Sendo assim, pressupõe-se que o serviço comunitário se trate do provimento de utilidades, dispostas para a satisfação das necessidades gerais (Lei nº 8.069, 1990). Portanto, deve ser considerado como prestação de serviços as tarefas de relevância pública, que ambicionem uma dinâmica educativa que beneficie a eclosão de novas competências e integração social (CONANDA & SEDH, 2006).

Pelo exposto, vimos que a análise dos dispositivos sociais e conceituais que motivaram o trabalho e o ensino de ofícios às, então denominadas, crianças “pobres” e/ou “desvalidas” evidencia sua relação com o contexto de transformação das relações de trabalho e, consequentemente, com o uso e a exploração da força de trabalho infantojuvenil e a manutenção do status quo.
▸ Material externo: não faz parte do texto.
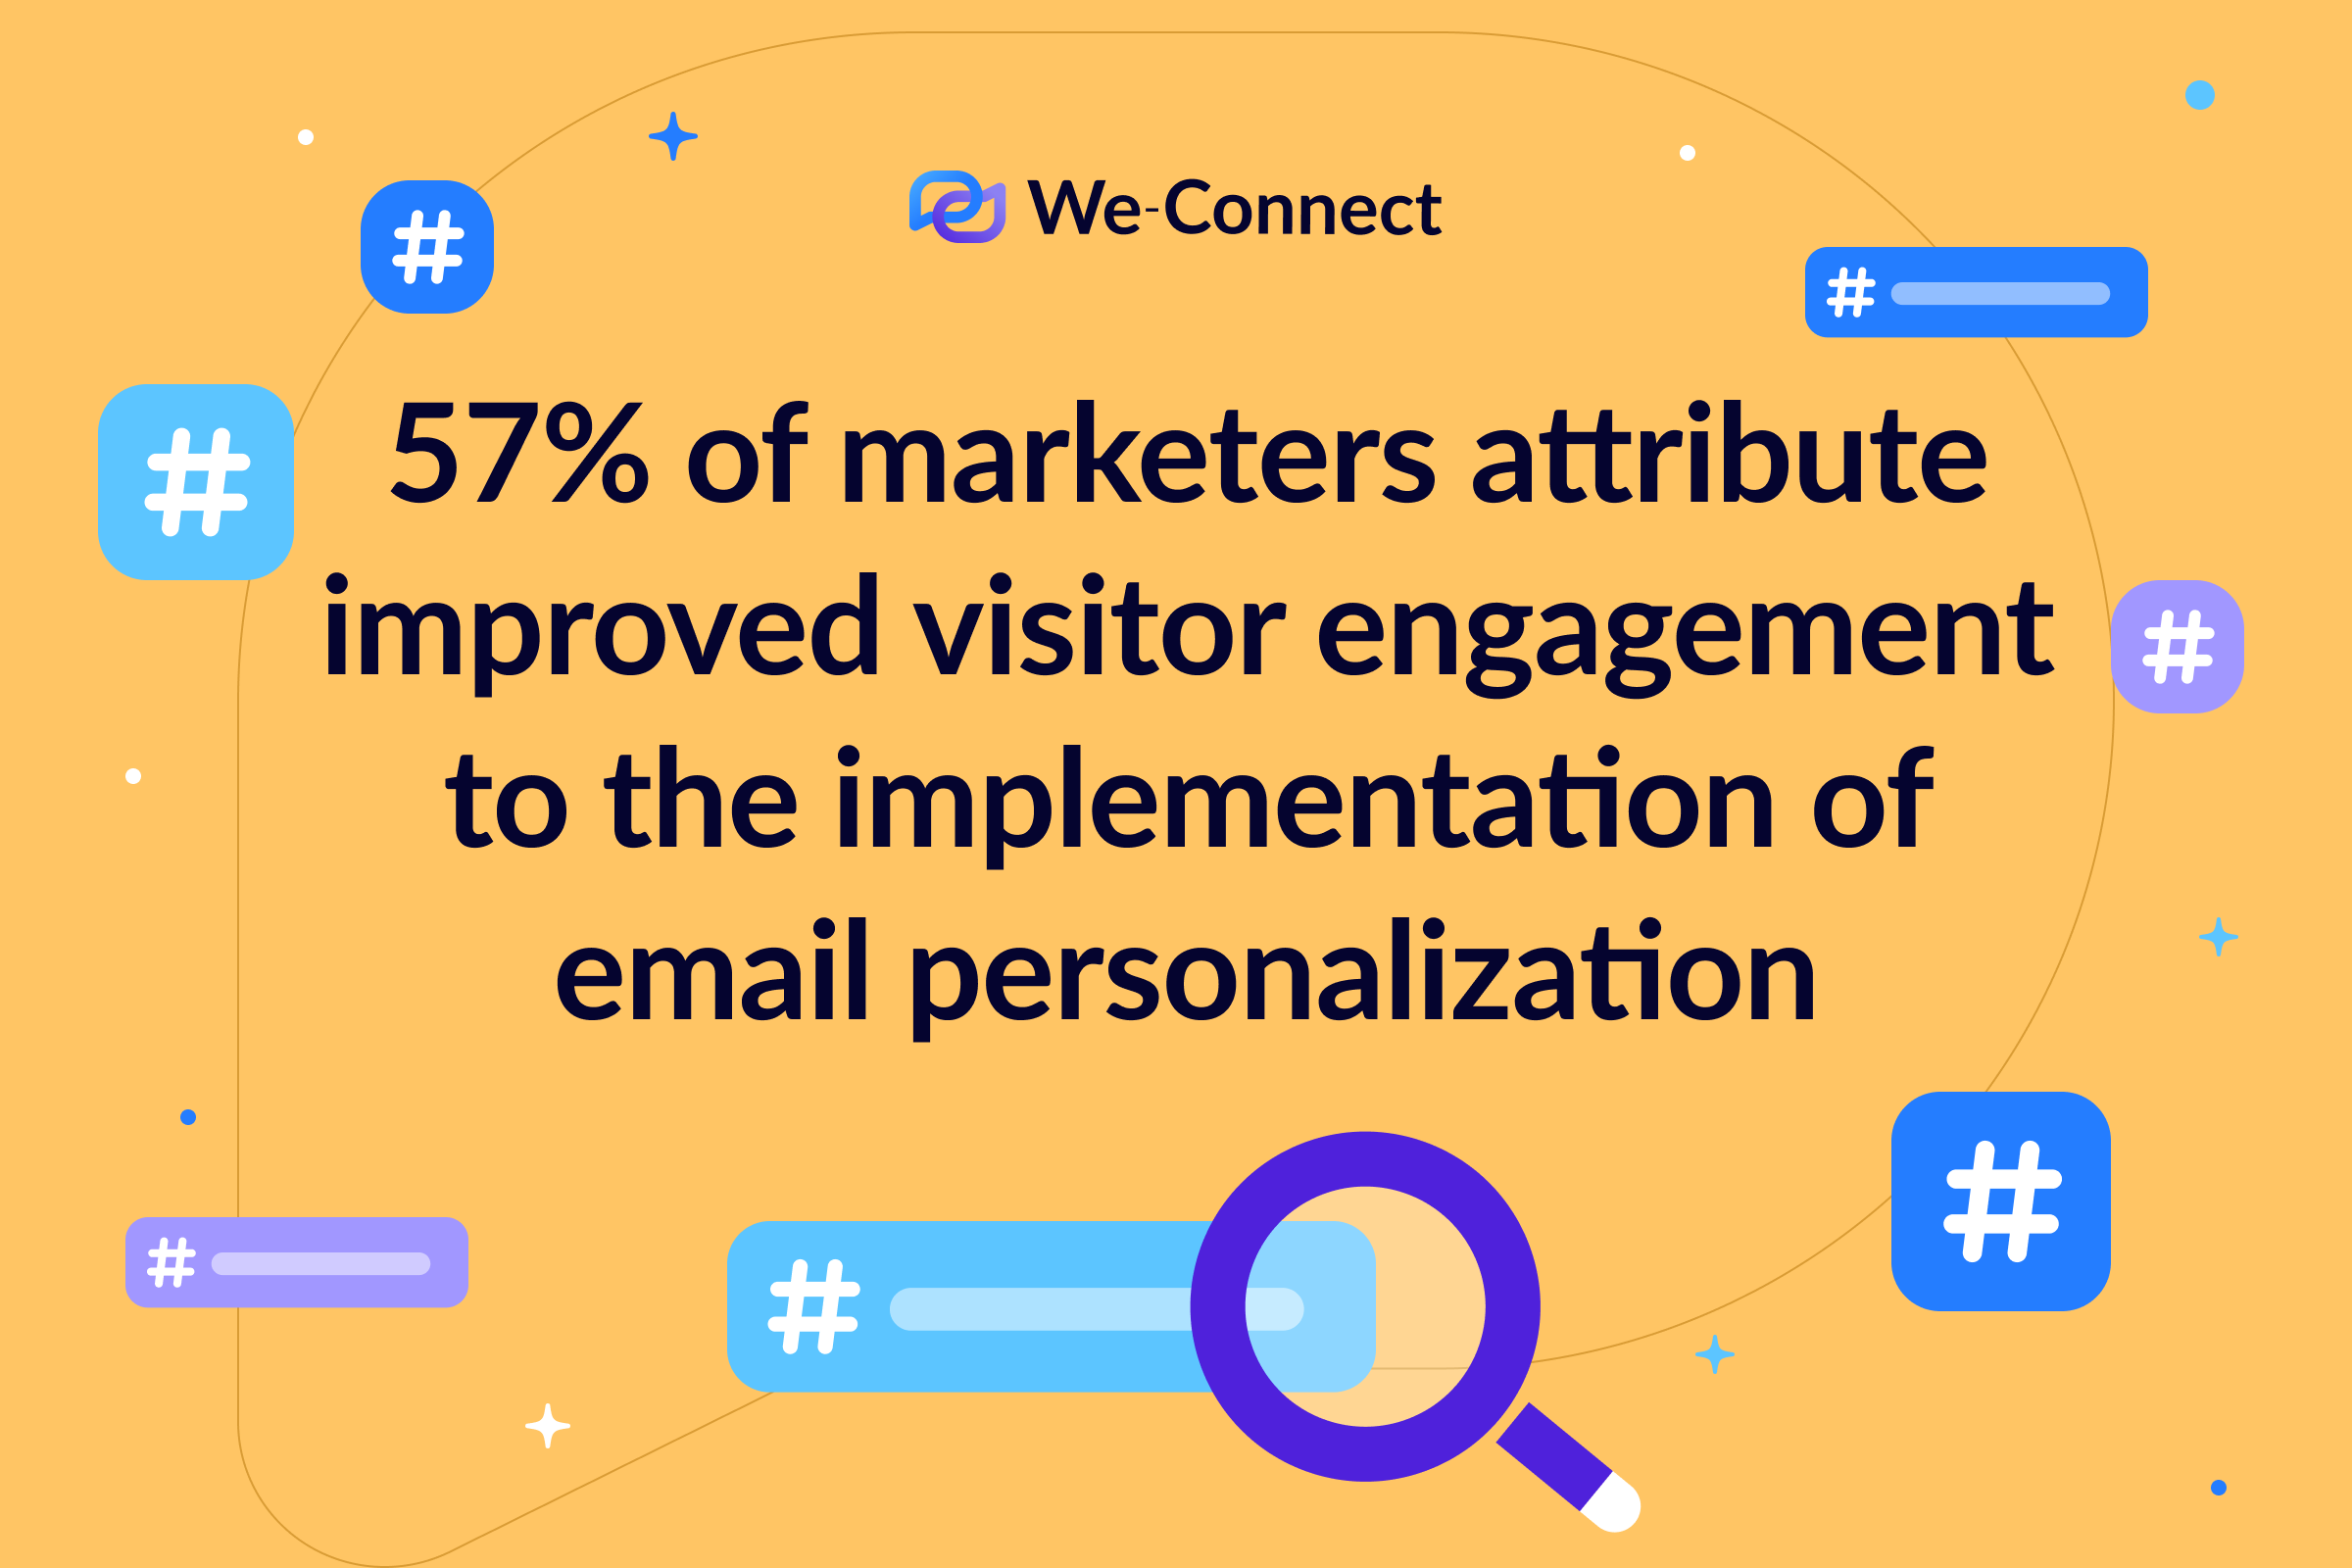 57% of marketers attribute improved visitor engagement to the implementation of email personalization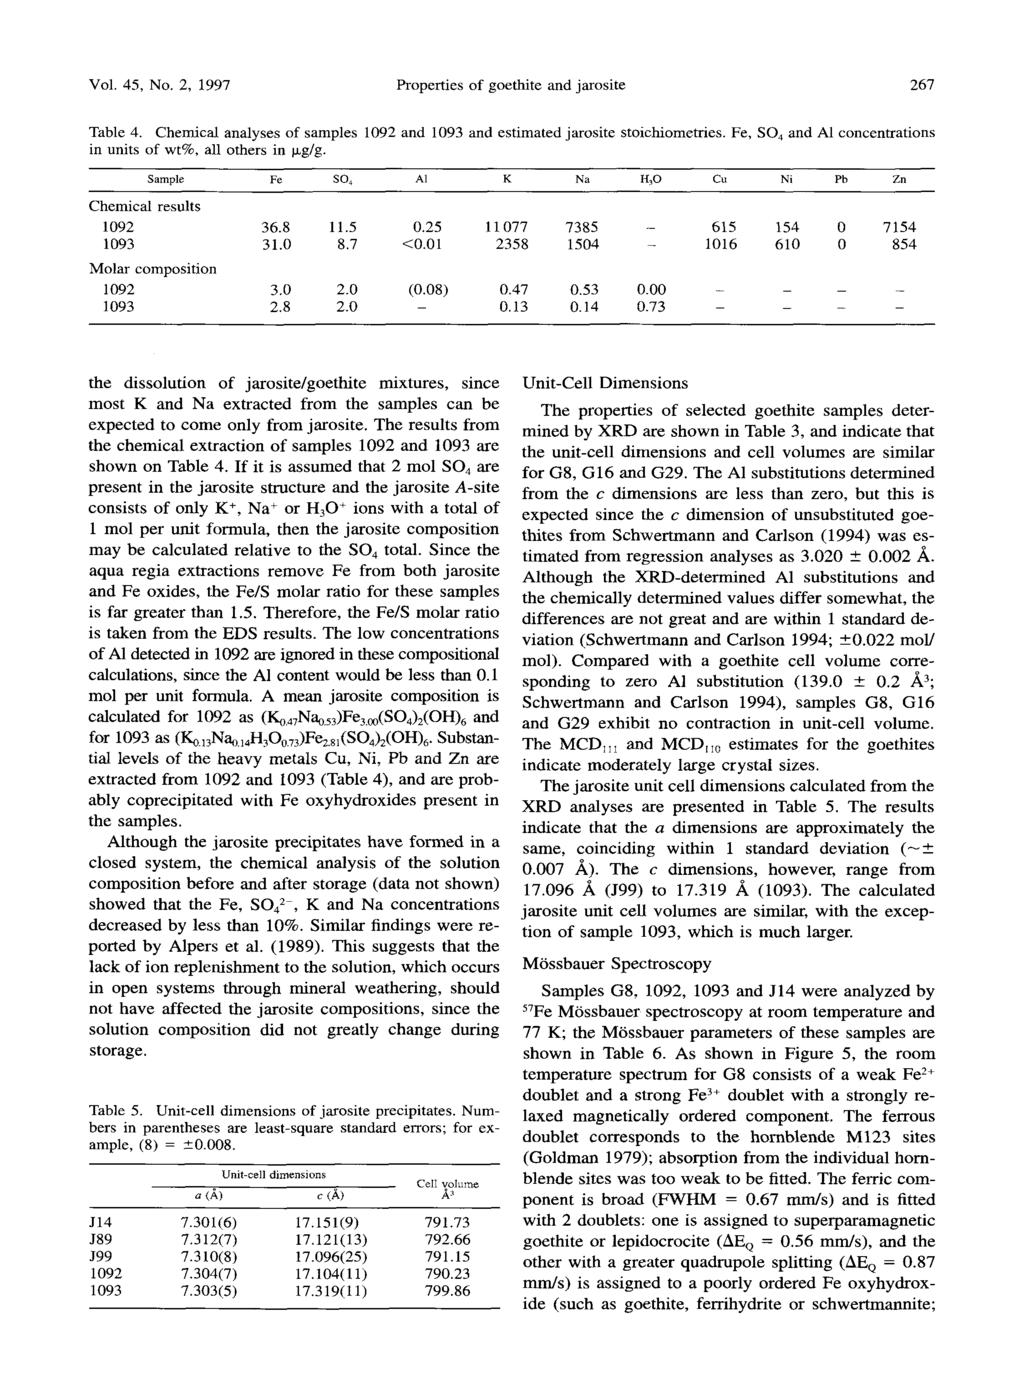 Vol. 45, No. 2, 1997 Properties of goethite and jarosite 267 Table 4. Chemical analyses of samples 1092 and 1093 and estimated jarosite stoichiometries.

Nesse âmbito, a (re)introdução dos serviços e tarefas na gestão do

atendimento da justiça juvenil significa um aparente avanço na administração da Justiça da Infância e da Juventude, especialmente em atenção à restauração das relações, a reorganização dos envolvidos e ao empoderamento do coletivo social. Apesar disso, resta ainda incerto se tal medida não se trata de uma nova técnica coercitiva empregada para reprimir a juventude envolvida com atos infracionais.